PROBLEM TO WORK ON: Every line containing the string "East" should be returned from the records.

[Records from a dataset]
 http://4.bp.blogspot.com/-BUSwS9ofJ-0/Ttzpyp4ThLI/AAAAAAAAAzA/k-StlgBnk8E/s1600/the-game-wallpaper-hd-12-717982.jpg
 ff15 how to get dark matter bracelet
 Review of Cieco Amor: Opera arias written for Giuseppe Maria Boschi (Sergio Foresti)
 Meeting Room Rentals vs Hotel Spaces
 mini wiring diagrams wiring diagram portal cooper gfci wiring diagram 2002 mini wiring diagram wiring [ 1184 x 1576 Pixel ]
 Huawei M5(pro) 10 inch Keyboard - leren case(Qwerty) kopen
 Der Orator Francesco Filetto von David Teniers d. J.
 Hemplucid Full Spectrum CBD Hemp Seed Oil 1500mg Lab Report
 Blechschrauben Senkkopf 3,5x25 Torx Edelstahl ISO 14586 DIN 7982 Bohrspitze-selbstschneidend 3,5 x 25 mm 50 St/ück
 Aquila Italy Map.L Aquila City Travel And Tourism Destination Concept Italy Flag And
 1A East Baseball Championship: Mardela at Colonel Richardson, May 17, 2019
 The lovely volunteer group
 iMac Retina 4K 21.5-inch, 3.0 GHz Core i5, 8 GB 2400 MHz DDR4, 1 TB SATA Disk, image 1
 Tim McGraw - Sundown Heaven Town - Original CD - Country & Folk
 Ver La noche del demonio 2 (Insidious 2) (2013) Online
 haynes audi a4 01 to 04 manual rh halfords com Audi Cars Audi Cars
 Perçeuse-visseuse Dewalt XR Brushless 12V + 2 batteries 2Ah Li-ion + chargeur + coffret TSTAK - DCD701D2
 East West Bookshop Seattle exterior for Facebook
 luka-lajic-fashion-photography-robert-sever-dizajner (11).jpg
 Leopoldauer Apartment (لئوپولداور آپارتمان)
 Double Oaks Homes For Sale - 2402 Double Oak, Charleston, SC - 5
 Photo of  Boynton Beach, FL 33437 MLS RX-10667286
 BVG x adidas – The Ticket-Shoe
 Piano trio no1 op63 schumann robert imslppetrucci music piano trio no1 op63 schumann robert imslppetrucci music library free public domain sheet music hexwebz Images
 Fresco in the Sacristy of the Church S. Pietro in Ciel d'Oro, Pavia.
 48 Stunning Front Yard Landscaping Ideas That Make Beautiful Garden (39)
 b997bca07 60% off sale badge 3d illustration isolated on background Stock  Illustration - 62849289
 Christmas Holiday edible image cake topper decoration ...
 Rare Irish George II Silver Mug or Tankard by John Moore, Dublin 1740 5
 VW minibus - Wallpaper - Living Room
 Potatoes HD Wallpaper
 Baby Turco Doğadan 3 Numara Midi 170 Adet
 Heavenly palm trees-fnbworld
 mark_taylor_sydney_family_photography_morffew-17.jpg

EXERCISE SOLUTION:
 1A East Baseball Championship: Mardela at Colonel Richardson, May 17, 2019
 East West Bookshop Seattle exterior for Facebook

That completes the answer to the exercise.